Poirot sonrió débilmente y se volvió hacia mí.
—Hastings, te ruego que me pases ese ejemplar del Daily Megaphone. Si no recuerdo mal, allí hay una fotografía excepcionalmente nítida del hombre desaparecido.
Me levanté y encontré la hoja que me había pedido. Poirot estudió atentamente los rasgos.
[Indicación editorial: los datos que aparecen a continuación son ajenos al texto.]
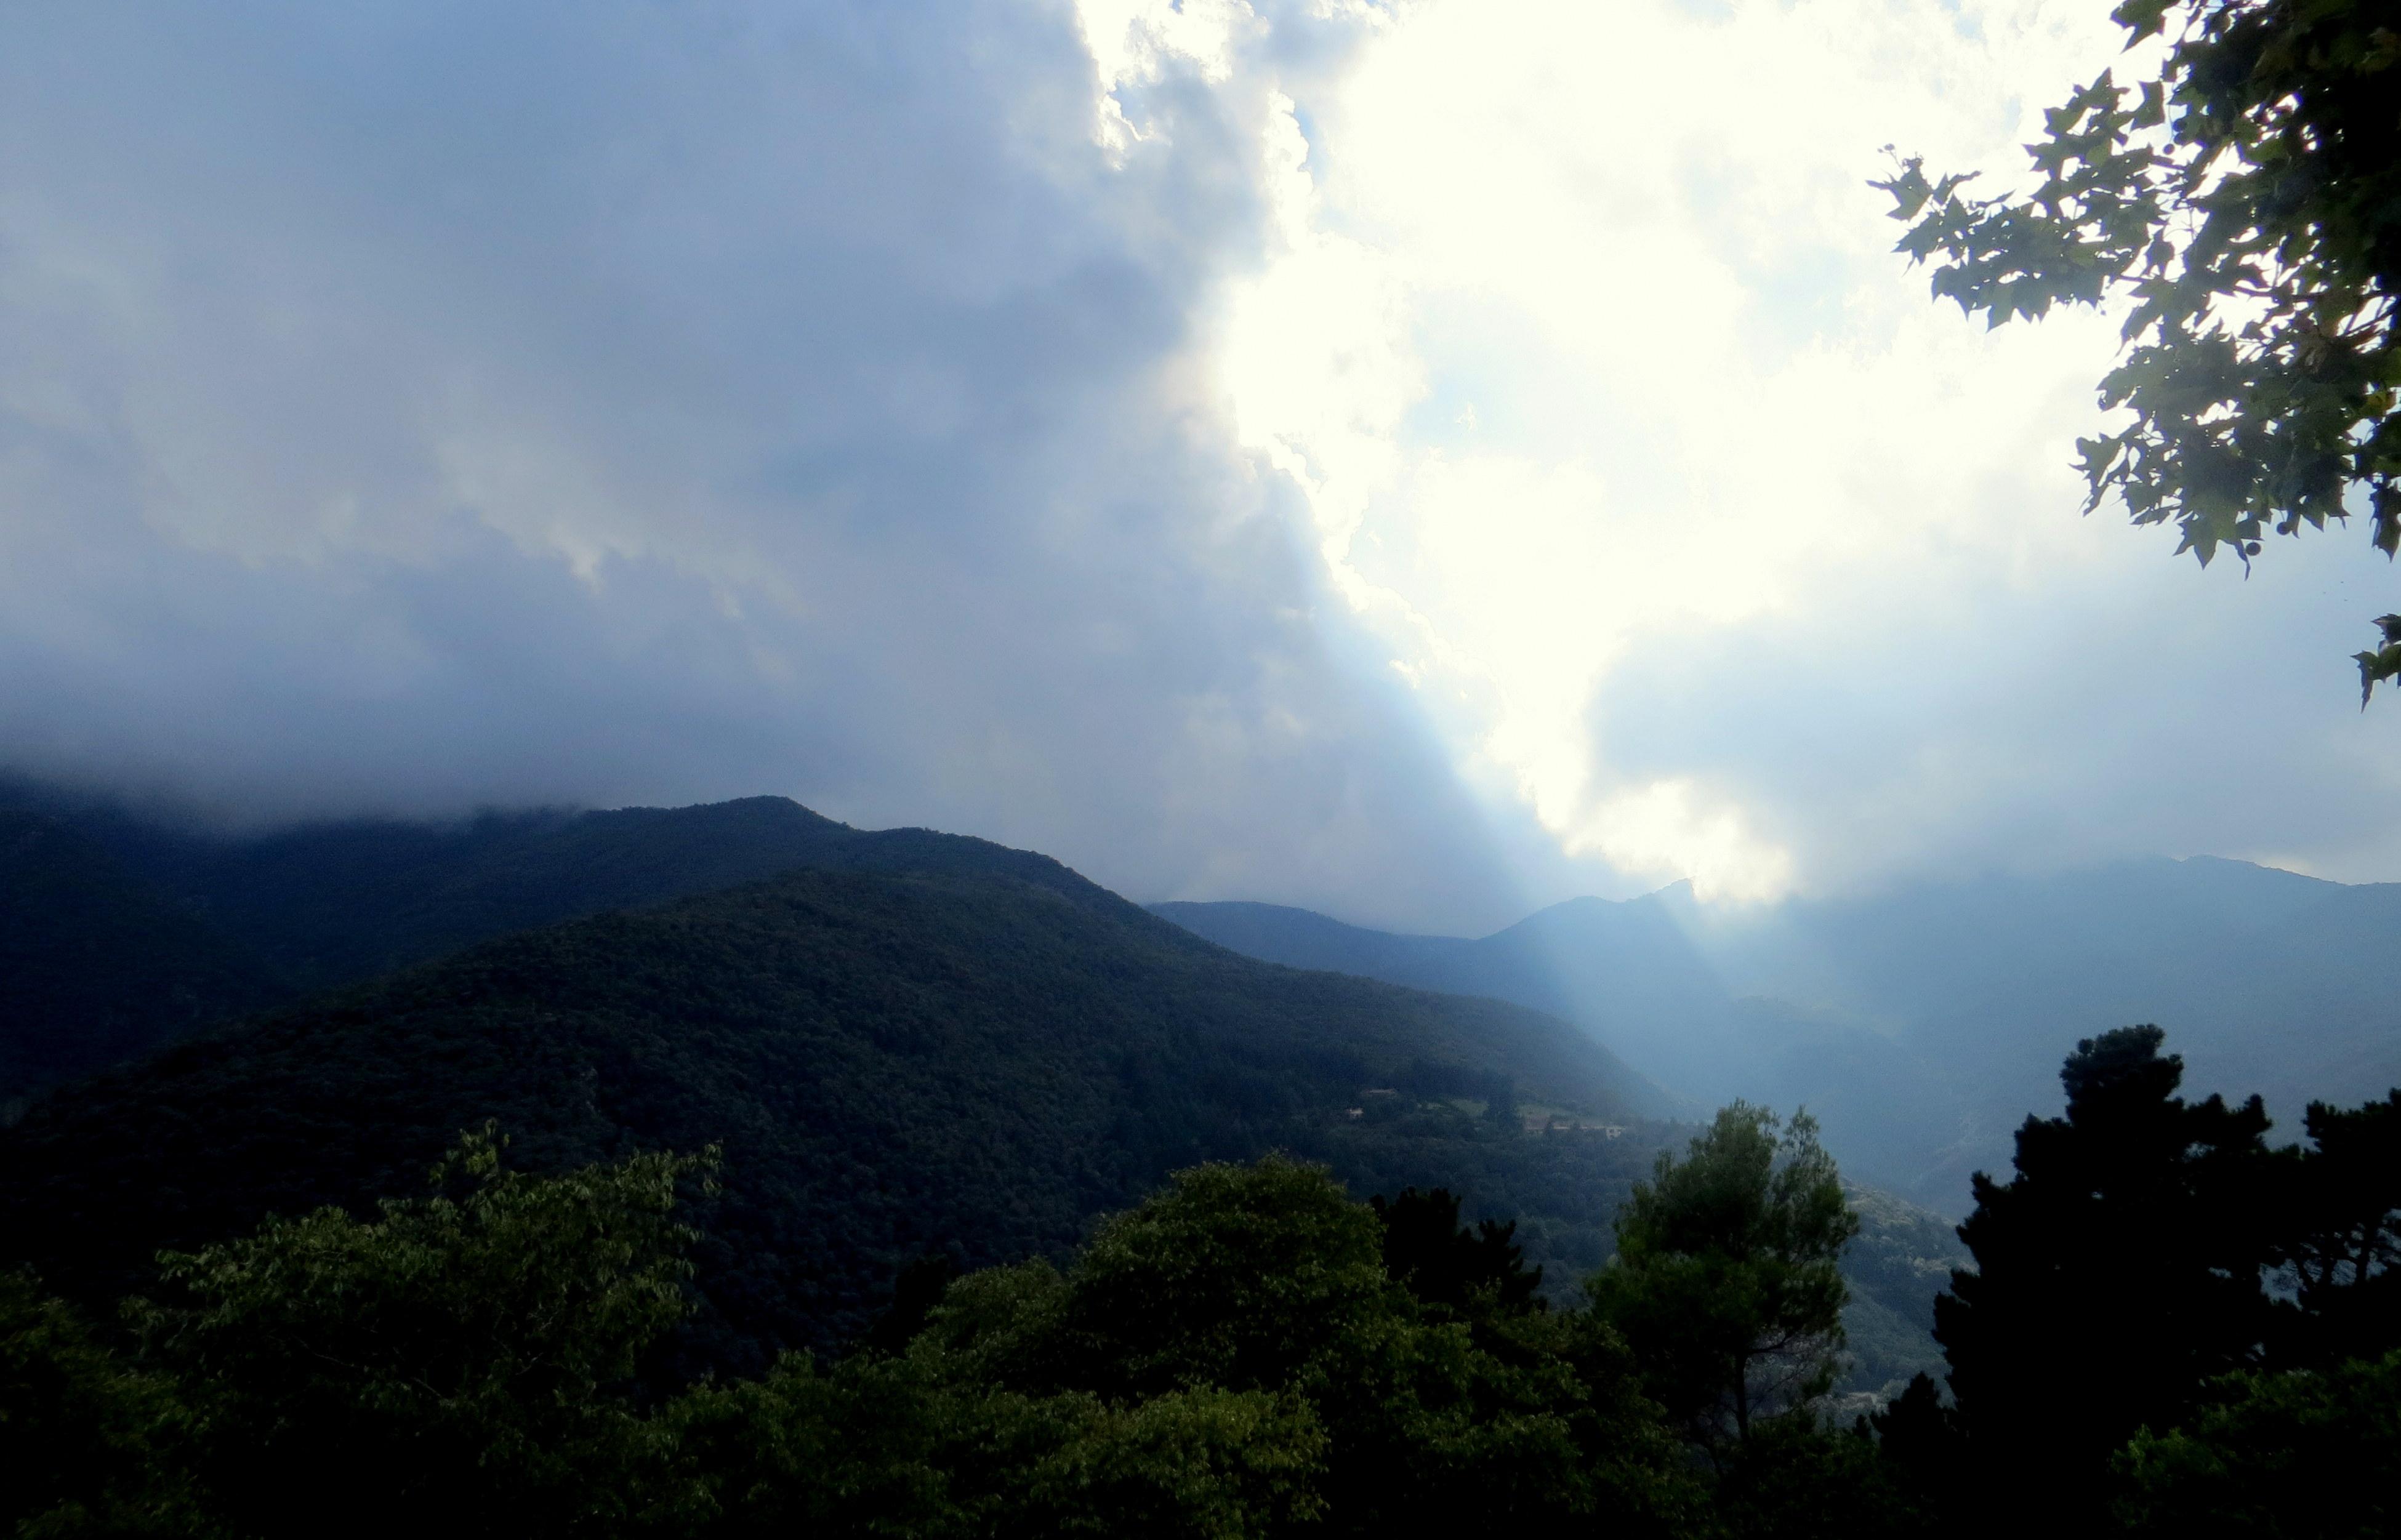 Simple Wallpaper Mountain Rain - sky-before-rain-sun-rays-mountains-green-clouds-landscape-nature-peace-calm-meditation-idyllic-sky-highland-cloud-mountainous-landforms-mountain-hill-station-mount-scenery-vegetation-tree-forest-atmosphere-hill-wilderness-ridge-mountain-range-morning-atmosphere-of-earth-sunlight-national-park-cumulus-phenomenon-mist-geological-phenomenon-valley-rainforest-jungle-meteorological-phenomenon-biome-rural-area-evening-plateau-horizon-dawn-computer-wallpaper-1426285  Gallery_18248.jpg

—Hum —murmuró—. Lleva el pelo bastante largo y ondulado, un bigote abundante y una barba puntiaguda, cejas pobladas. ¿Ojos oscuros?
—Sí.
—¿Cabello y barba ya encanecidos?
El detective asintió.
—Bien, monsieur Poirot, ¿qué tiene que decir sobre todo esto? Claro como la luz del día, ¿eh?
—Al contrario, muy oscuro.
El hombre de Scotland Yard parecía satisfecho.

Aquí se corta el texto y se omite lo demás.